Metamath Proof Explorer

Theorem xlimclim2lem

Description: Lemma for xlimclim2 . Here it is additionally assumed that the sequence will eventually become (and stay) real. (Contributed by Glauco Siliprandi, 5-Feb-2022)

Ref Expression
Hypotheses xlimclim2lem.z 
|- Z = ( ZZ>= ` M )
xlimclim2lem.f 
|- ( ph -> F : Z --> RR* )
xlimclim2lem.a 
|- ( ph -> A e. RR )
xlimclim2lem.r 
|- ( ph -> E. j e. Z ( F |` ( ZZ>= ` j ) ) : ( ZZ>= ` j ) --> RR )
Assertion xlimclim2lem 
|- ( ph -> ( F ~~>* A <-> F ~~> A ) )

Proof

Step Hyp Ref Expression
1 xlimclim2lem.z 
 |-  Z = ( ZZ>= ` M )
2 xlimclim2lem.f 
 |-  ( ph -> F : Z --> RR* )
3 xlimclim2lem.a 
 |-  ( ph -> A e. RR )
4 xlimclim2lem.r 
 |-  ( ph -> E. j e. Z ( F |` ( ZZ>= ` j ) ) : ( ZZ>= ` j ) --> RR )
5 1 2 fuzxrpmcn 
 |-  ( ph -> F e. ( RR* ^pm CC ) )
6 5 ad2antrr 
 |-  ( ( ( ph /\ j e. Z ) /\ ( F |` ( ZZ>= ` j ) ) : ( ZZ>= ` j ) --> RR ) -> F e. ( RR* ^pm CC ) )
7 1 eluzelz2 
 |-  ( j e. Z -> j e. ZZ )
8 7 ad2antlr 
 |-  ( ( ( ph /\ j e. Z ) /\ ( F |` ( ZZ>= ` j ) ) : ( ZZ>= ` j ) --> RR ) -> j e.

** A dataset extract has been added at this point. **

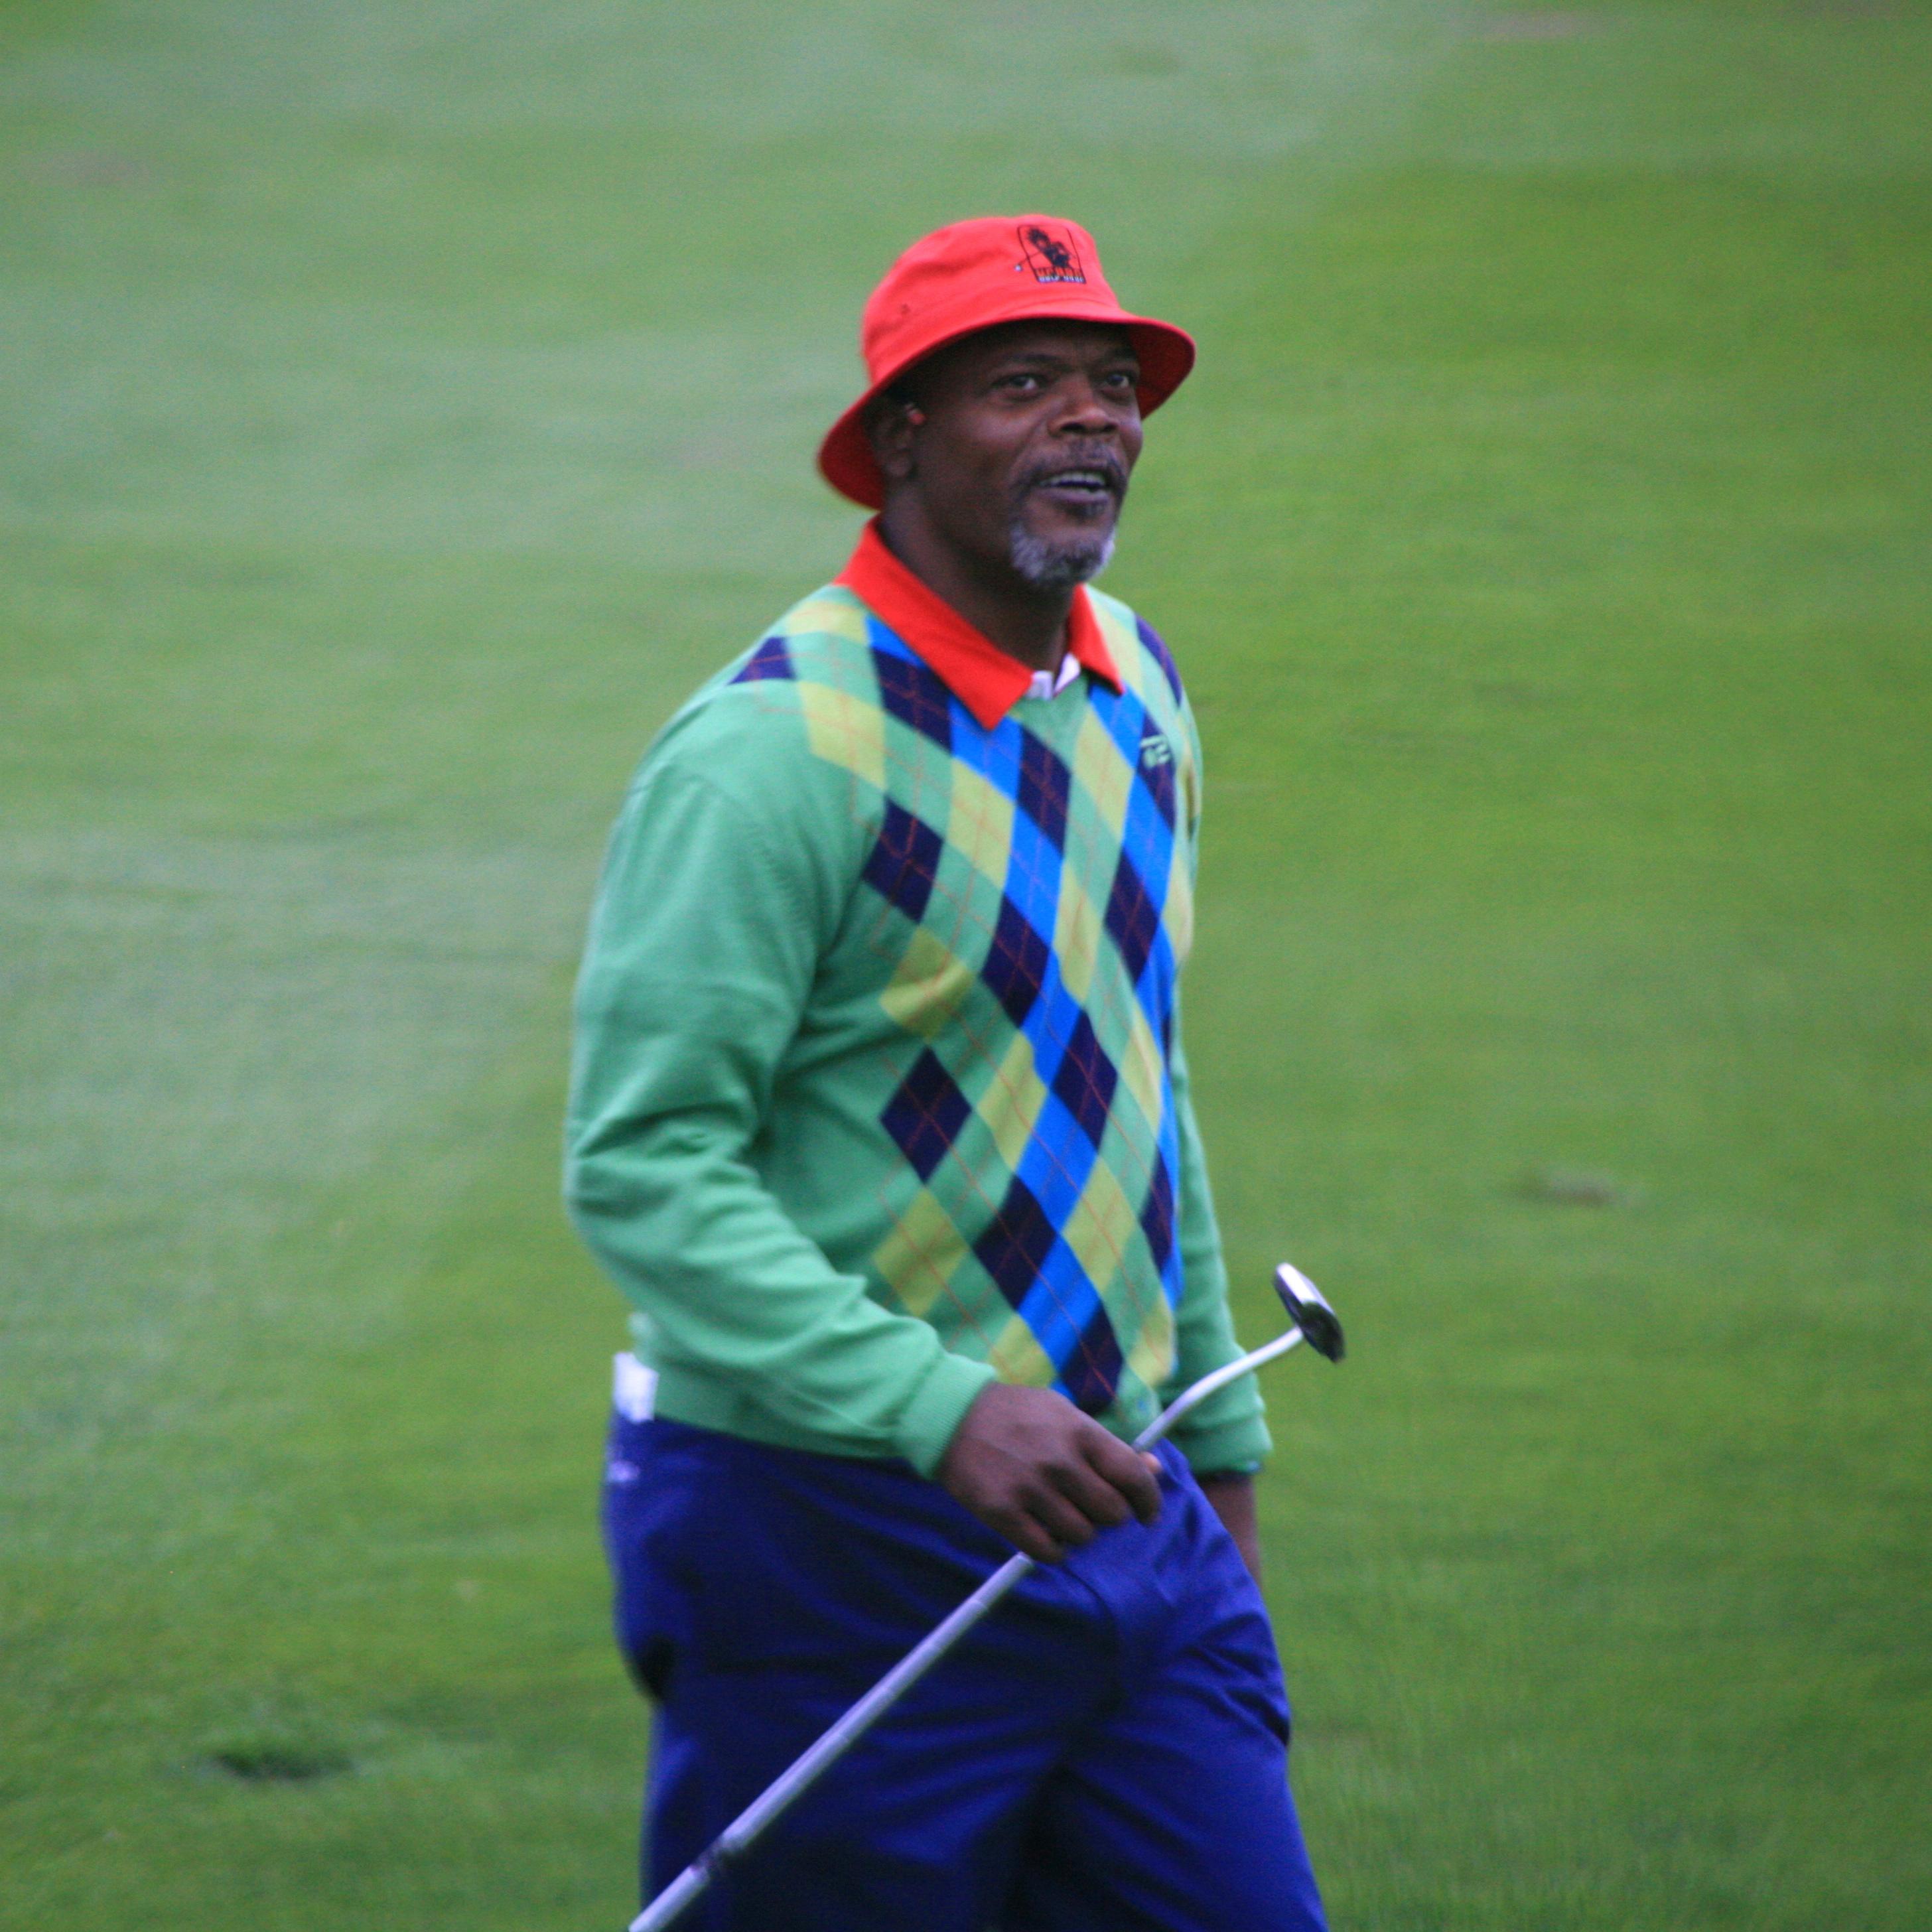 File:Samuel L Jackson golfing.jpg - Wikimedia Commons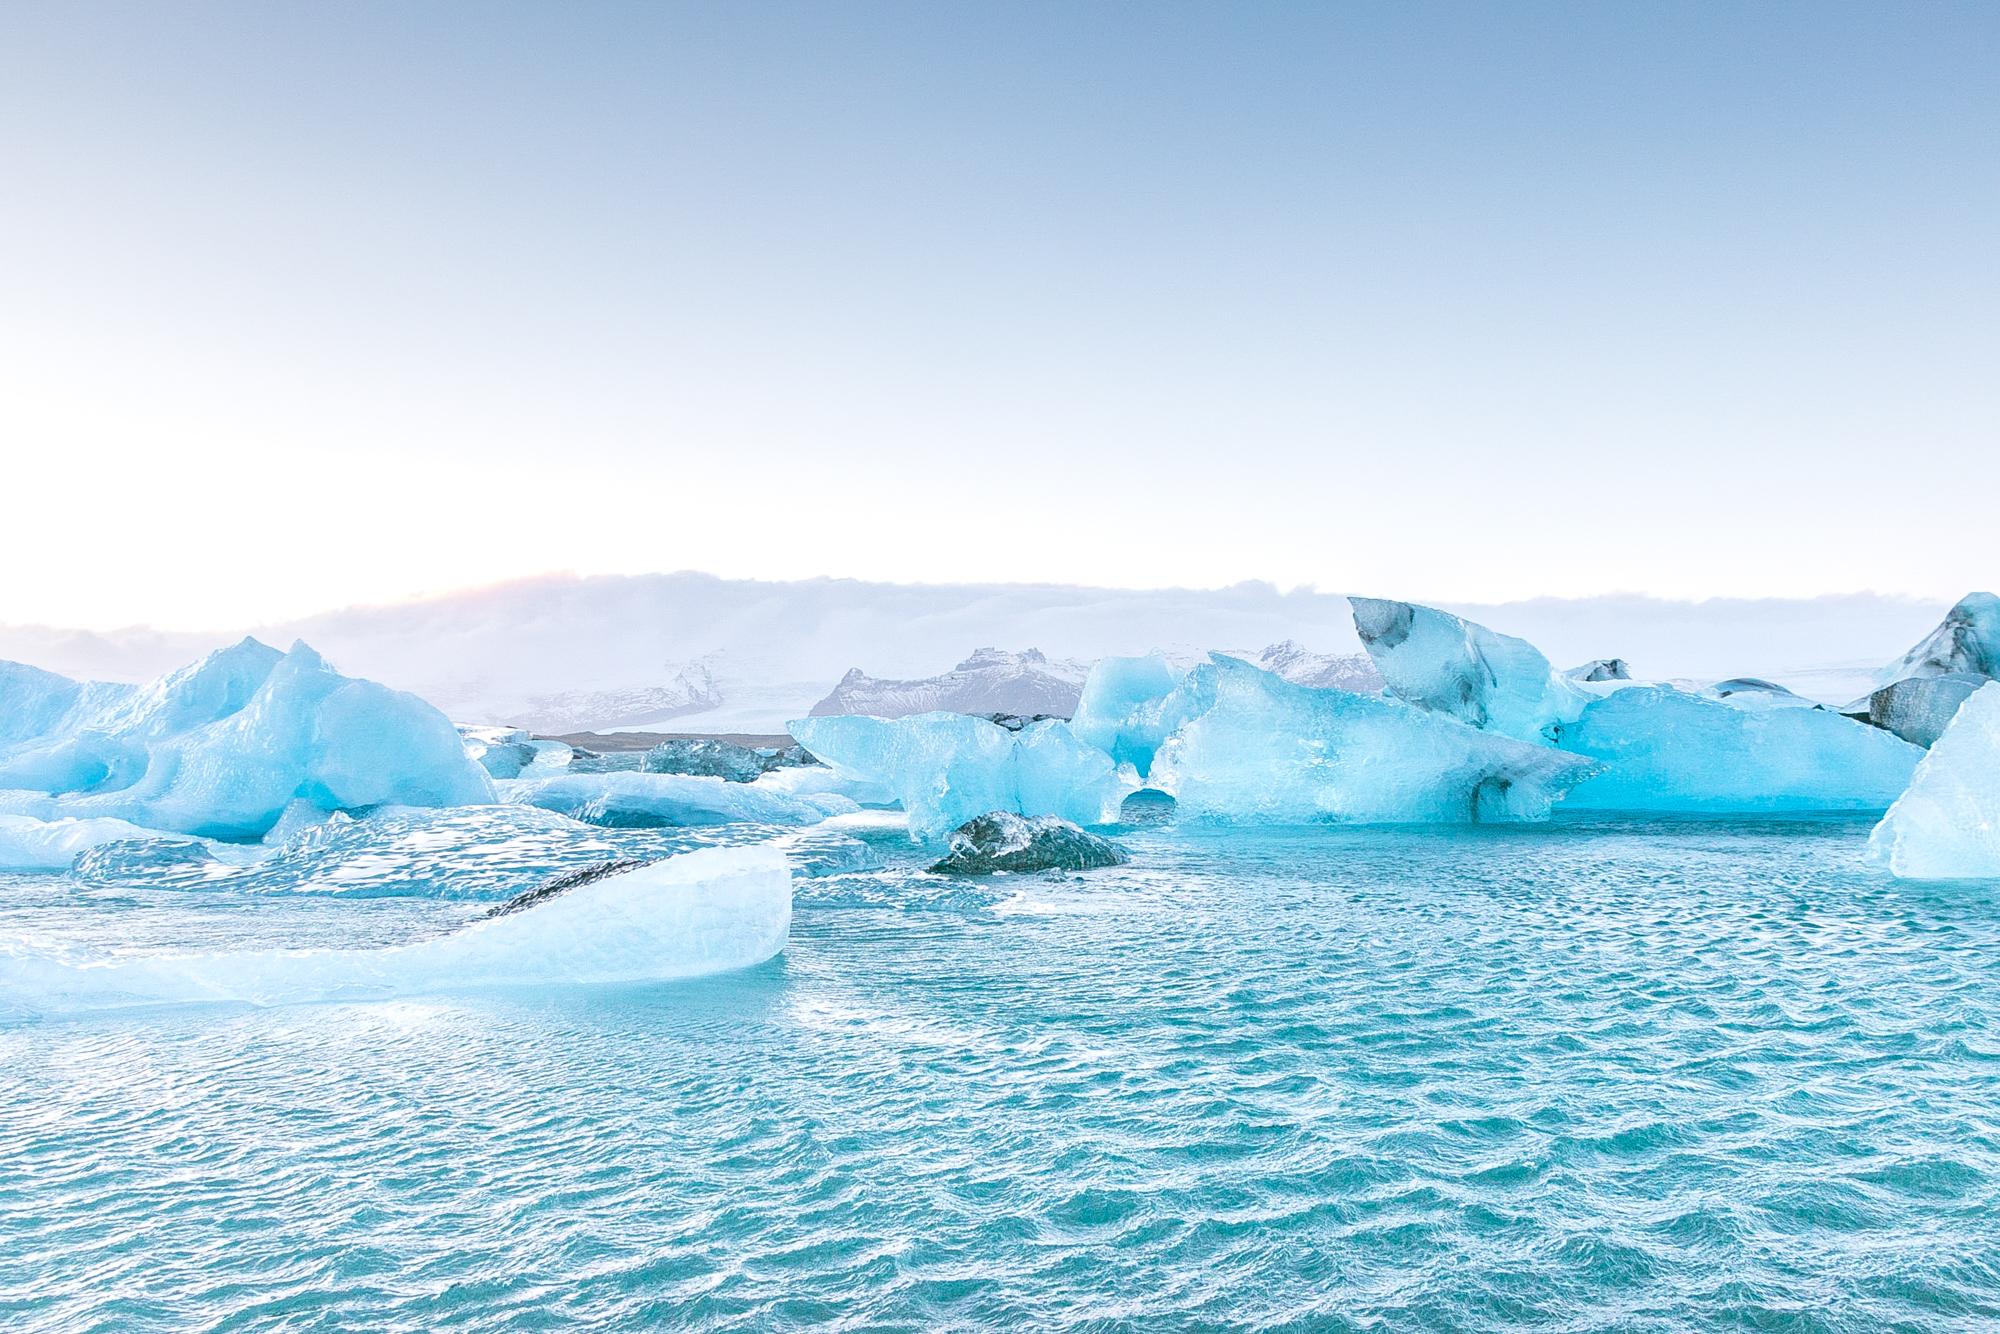 Landscape_photography_frozen-7.jpg

ZZ )
9 6 8 xlimres 
 |-  ( ( ( ph /\ j e. Z ) /\ ( F |` ( ZZ>= ` j ) ) : ( ZZ>= ` j ) --> RR ) -> ( F ~~>* A <-> ( F |` ( ZZ>= ` j ) ) ~~>* A ) )
10 eqid 
 |-  ( ZZ>= ` j ) = ( ZZ>= ` j )
11 simpr 
 |-  ( ( ( ph /\ j e. Z ) /\ ( F |` ( ZZ>= ` j ) ) : ( ZZ>= ` j ) --> RR ) -> ( F |` ( ZZ>= ` j ) ) : ( ZZ>= ` j ) --> RR )
12 3 ad2antrr 
 |-  ( ( ( ph /\ j e. Z ) /\ ( F |` ( ZZ>= ` j ) ) : ( ZZ>= ` j ) --> RR ) -> A e. RR )
13 8 10 11 12 xlimclim 
 |-  ( ( ( ph /\ j e. Z ) /\ ( F |` ( ZZ>= ` j ) ) : ( ZZ>= ` j ) --> RR ) -> ( ( F |` ( ZZ>= ` j ) ) ~~>* A <-> ( F |` ( ZZ>= ` j ) ) ~~> A ) )
14 1 fvexi 
 |-  Z e. _V
15 14 a1i 
 |-  ( ph -> Z e. _V )
16 2 15 fexd 
 |-  ( ph -> F e. _V )
17 climres 
 |-  ( ( j e. ZZ /\ F e. _V ) -> ( ( F |` ( ZZ>= ` j ) ) ~~> A <-> F ~~> A ) )
18 7 16 17 syl2anr 
 |-  ( ( ph /\ j e. Z ) -> ( ( F |` ( ZZ>= ` j ) ) ~~> A <-> F ~~> A ) )
19 18 adantr 
 |-  ( ( ( ph /\ j e. Z ) /\ ( F |` ( ZZ>= ` j ) ) : ( ZZ>= ` j ) --> RR ) -> ( ( F |` ( ZZ>= ` j ) ) ~~> A <-> F ~~> A ) )
20 9 13 19 3bitrd 
 |-  ( ( ( ph /\ j e. Z ) /\ ( F |` ( ZZ>= ` j ) ) : ( ZZ>= ` j ) --> RR ) -> ( F ~~>* A <-> F ~~> A ) )
21 20 4 r19.29a 
 |-  ( ph -> ( F ~~>* A <-> F ~~> A ) )